As part of its broad mandate for the "increase and diffusion of knowledge," one component of NMAA's national outreach effort is the delivery of published texts, digital images of art objects in the collection, and reference services/two-way communication into homes and offices around the country via the wide area network, America Online. We view the commercial/consumer nature of the network to be not dissimilar to the trade titles of a university press list sold through chain bookstores. Our AOL outreach efforts will be complemented by similar efforts on the Internet, with on-site kiosks and CD-ROM products, alongside traditional print publishing.

NMAA Online is a subset of Smithsonian Online and is the only museum participating as a whole in SI Online. NMAA provides resources in six areas. The main NMAA Online screen has color icon-based access to the following areas (See screen shots and figures that correspond to most of these areas):

"Welcome to NMAA" provides general information about the museum, including current exhibits, the museum's mission statement, and press releases and digitized press photos.

Figure 1

"Tour the Galleries" is a library of over 100 downloadable digitized images of artworks in the collection. The library is subdivided into content areas such as "NMAA Collection Highlights" or "American Landscapes." Each image is presented at screen resolution (72 ppi) in 256 colors (8 bit, custom palette) and includes a copyright notice within the image itself. At the present time, these images cannot be viewed interactively and must be downloaded (approximately 8-20 minutes at 2400 baud) onto the users' hard drive. "Thumbnail catalogs" that only take 2-4 minutes to download up to 16 images are also available in a reduced 16-color palette for previewing the images. Each image is in a GIF format, which can be read on either Mac or DOS/Windows platforms with an appropriate GIF viewer. Each image includes a full caption and extensive descriptive text as part of the download.

Figure 2

"Reference & Online Help" provides information about library and other database resources at NMAA. It is also used extensively for its online reference help, with a wide variety of questions being asked on a daily basis. This is one of the most used resources of NMAA Online.

Figure 3

"Publications" includes the complete text of Free Within Ourselves: African-American Artists in the Collection of the National Museum of American Art, by Regenia Perry, excerpted articles from our scholarly journal American Art (no images), the texts of various brochures and other published material, and a complete publications backlist catalog that people can order from.

Figure 4

"With Kids in Mind" reproduces various educational materials and can be used by teachers to help plan class visits to the museum.

Figure 5

"Art Talk" is our interactive area and includes a bulletin board for open discussion of museum-related topics with over 450 postings on more than 30 topics.

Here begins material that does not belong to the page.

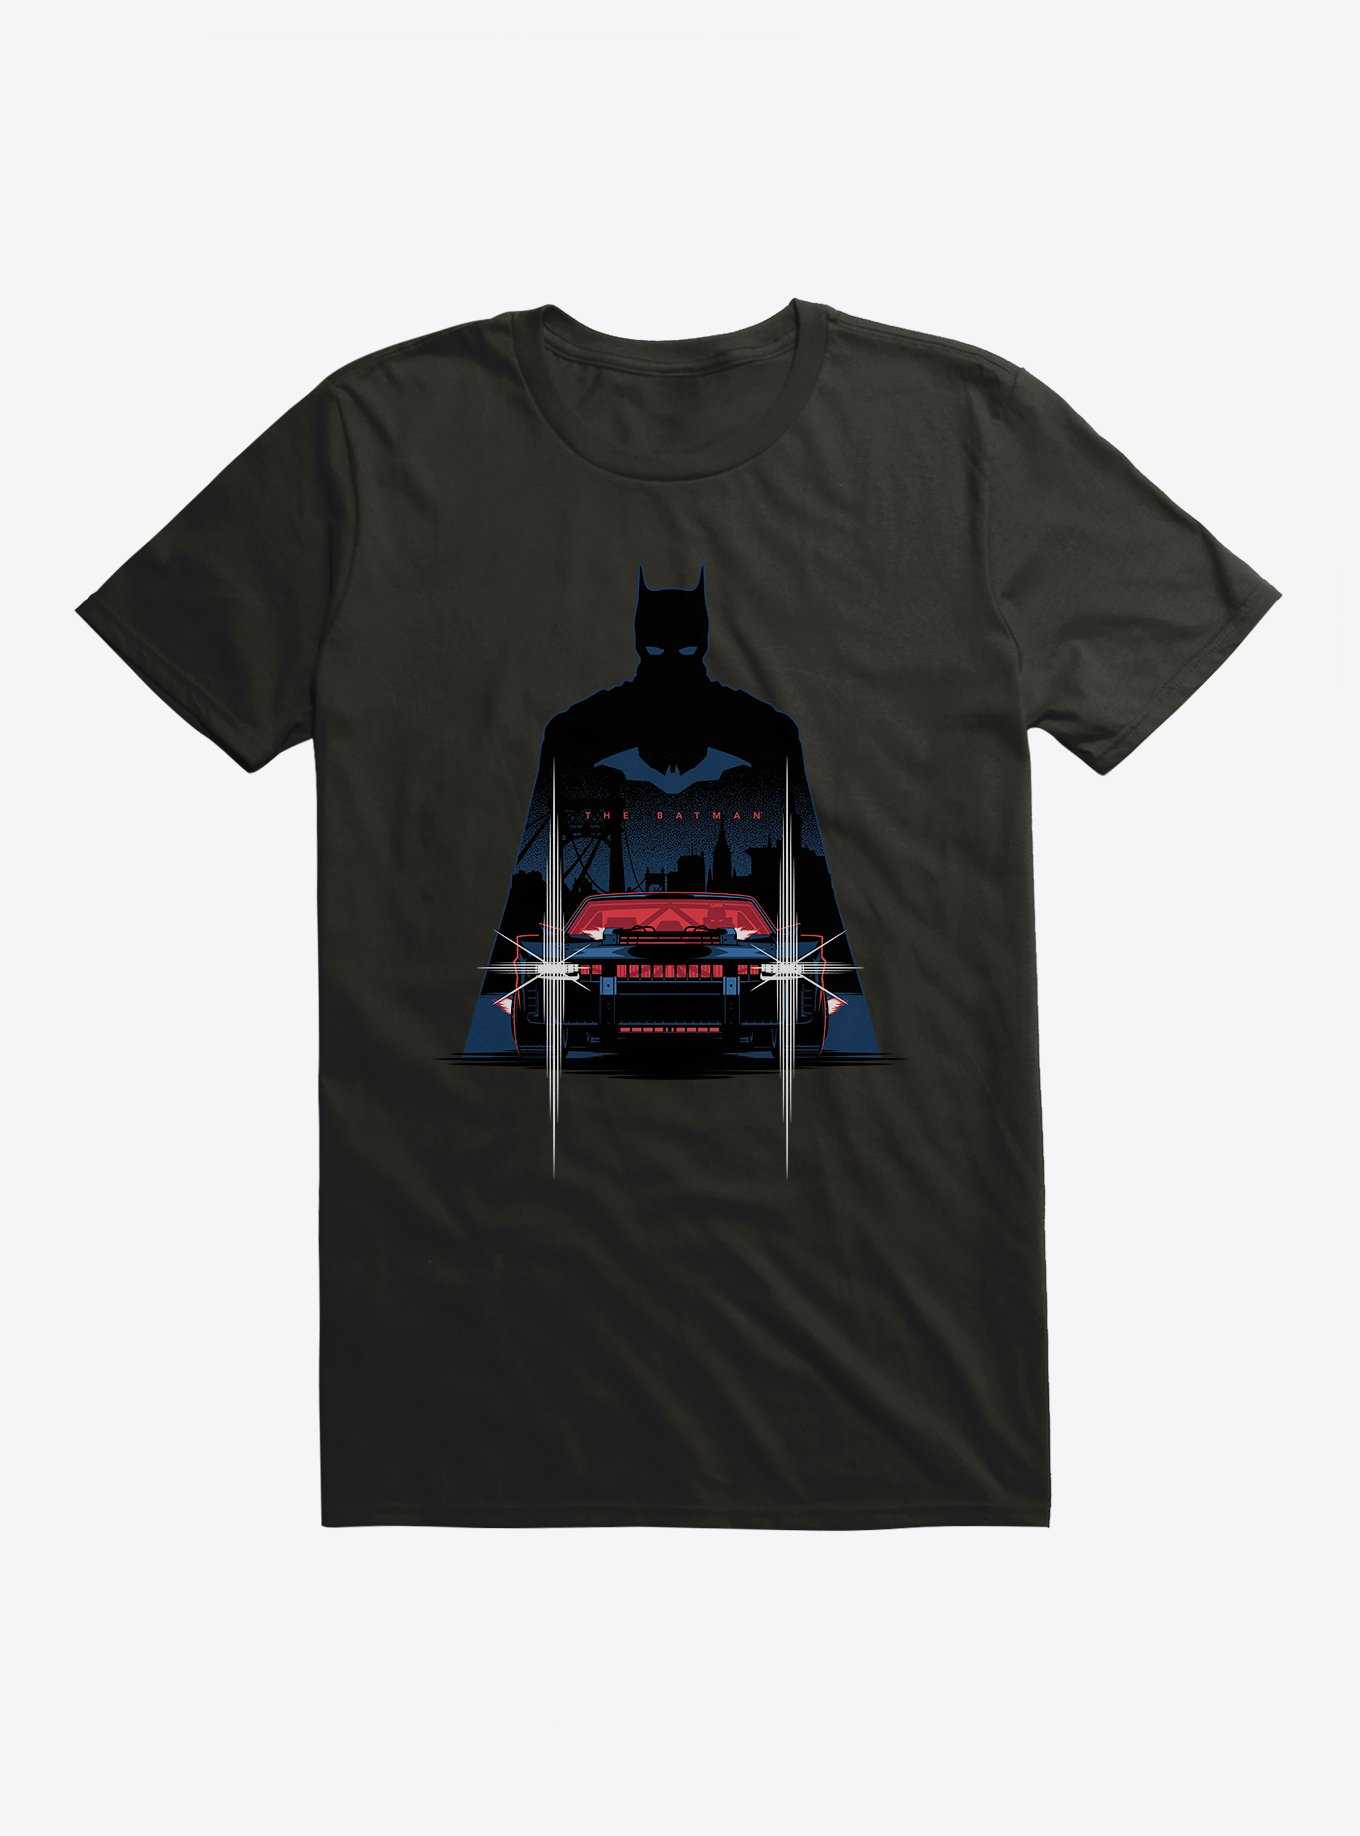 DC Comics The Batman Batmobile T-Shirt, , hi-res

There is also a weekly art quiz, an area to upload digitized versions of personal artwork for review by a curator, and a live chat area is planned for real time interaction with curators, artists, authors, and other experts.

Figure 6

Results: NMAA Online became available at the end of September 1993. In the first three months, there have been over 10,000 downloads of NMAA GIFs (image files) and viewers have made approximately 40,457 "entries" into the NMAA Online area, spending approximately 2,700 hours there. We are very encouraged by these results and view WANs as an important new way to "publish" information and make it easily available to anyone in the country with a computer, a modem, and a phone line.